ECOS DE LA PASCUA

 DSC03234Nuestra vida está plagada de momentos. Unos los consideramos más importantes y otros no. Aunque puede que todos sean necesarios. Tal vez esos de los que no nos damos cuenta de que existen en nuestra vida, sean de los más importantes. Solo que los hacemos mecánicamente, sin darnos cuenta. Nuestro corazón palpita desde mucho antes de nacer. Es mecánico. Nunca lo oímos, pero si en algún momento deja de hacerlo, ah! Entonces si que tendríamos problemas… En un segundo, en un momento. Otros momentos muy importantes -para nuestra consciencia- son todas las celebraciones puntuales a lo largo de nuestra vida como protagonistas o invitados. Y otros que pueden ser importantes o no: los momentos de celebrar nuestra fe.

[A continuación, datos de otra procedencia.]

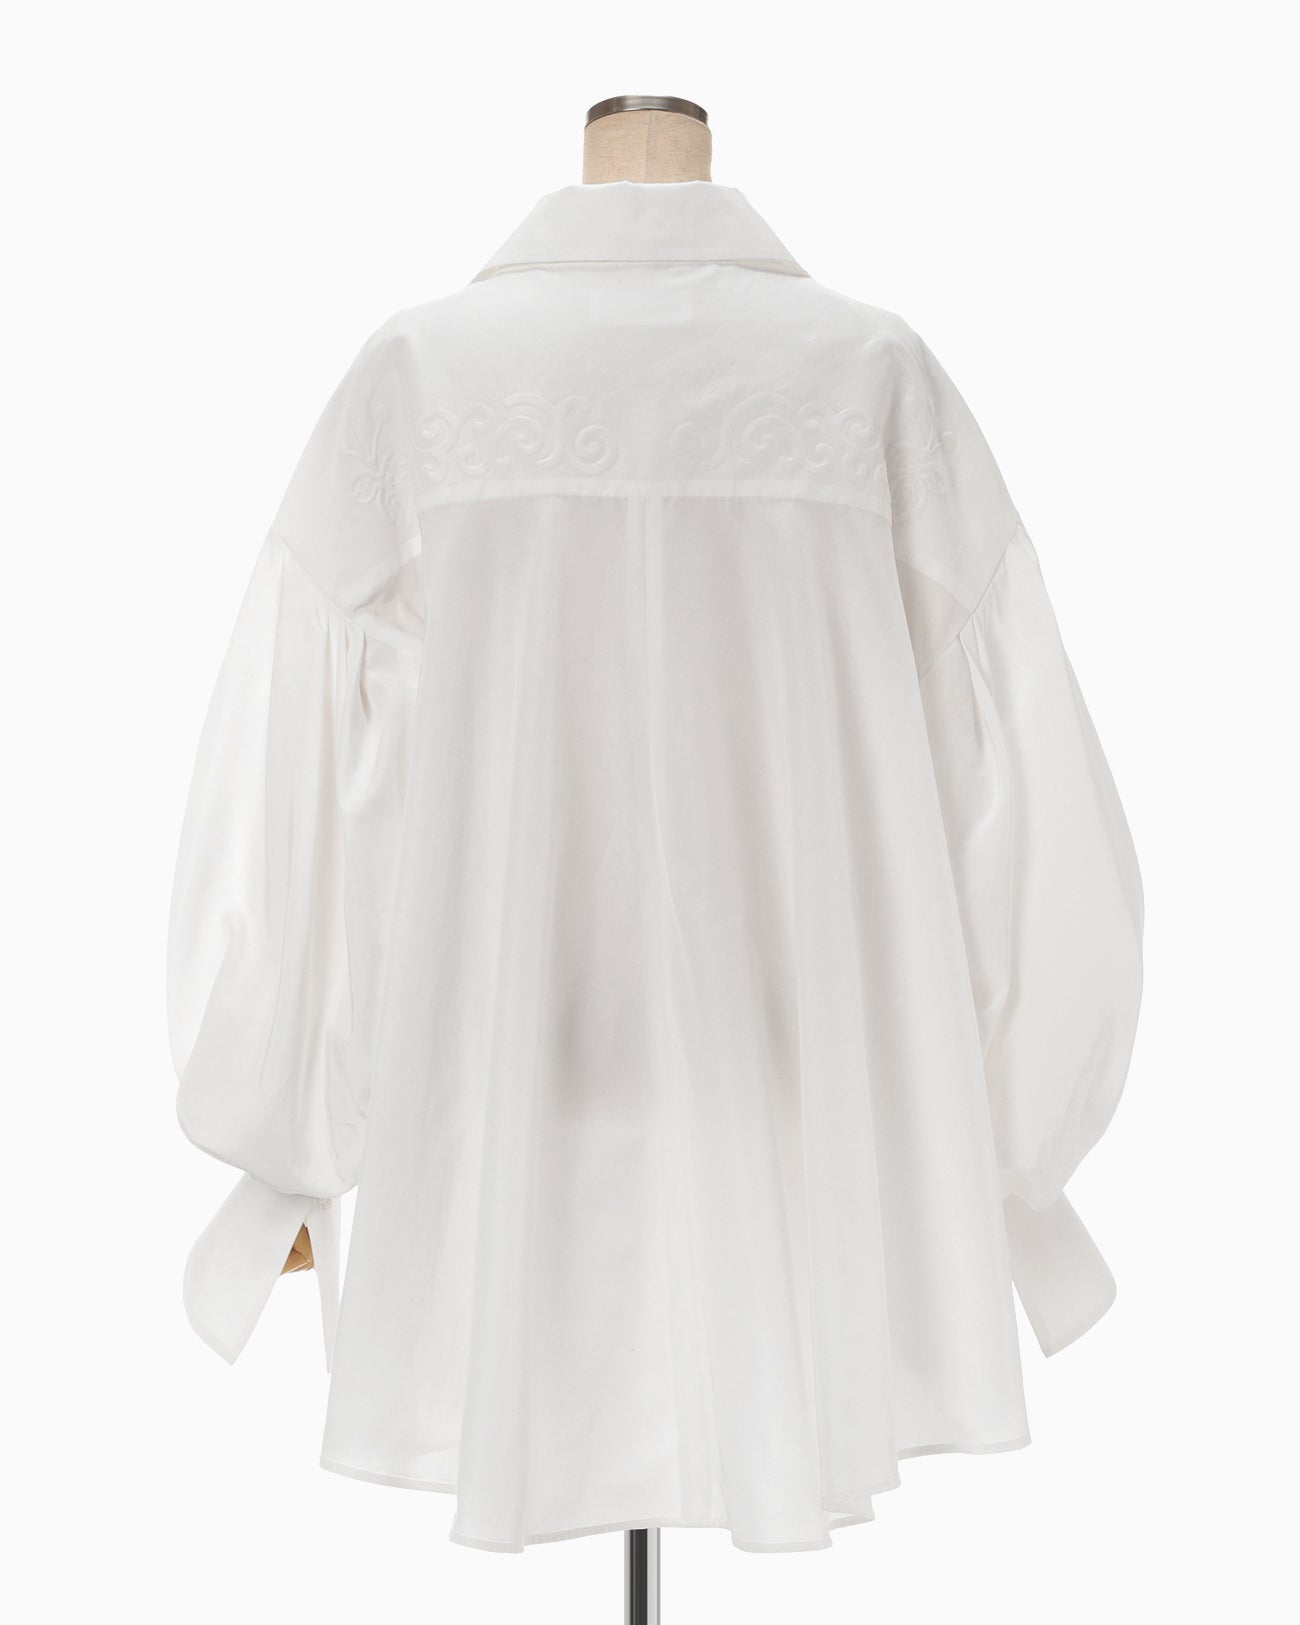 Floral Embossed Oversized Cotton Shirt - white

Todos los años -desde que tengo memoria- celebramos la Pascua. Varios días que antaño eran de tristeza, o, al menos, se aparentaba. Un poco de miedo cuanto más chico eras, por los nazarenos y las imágenes que veíamos pasar, sangrantes los Cristos o dolientes las vírgenes. Y si reías o cantabas ese Cristo sufría más por tu culpa. O por tus pecados. Los niños nos acongojaba pensar que nuestros terribles pecados habían llevado a «ese hombre» a tan terrible muerte… ¡Con siete años!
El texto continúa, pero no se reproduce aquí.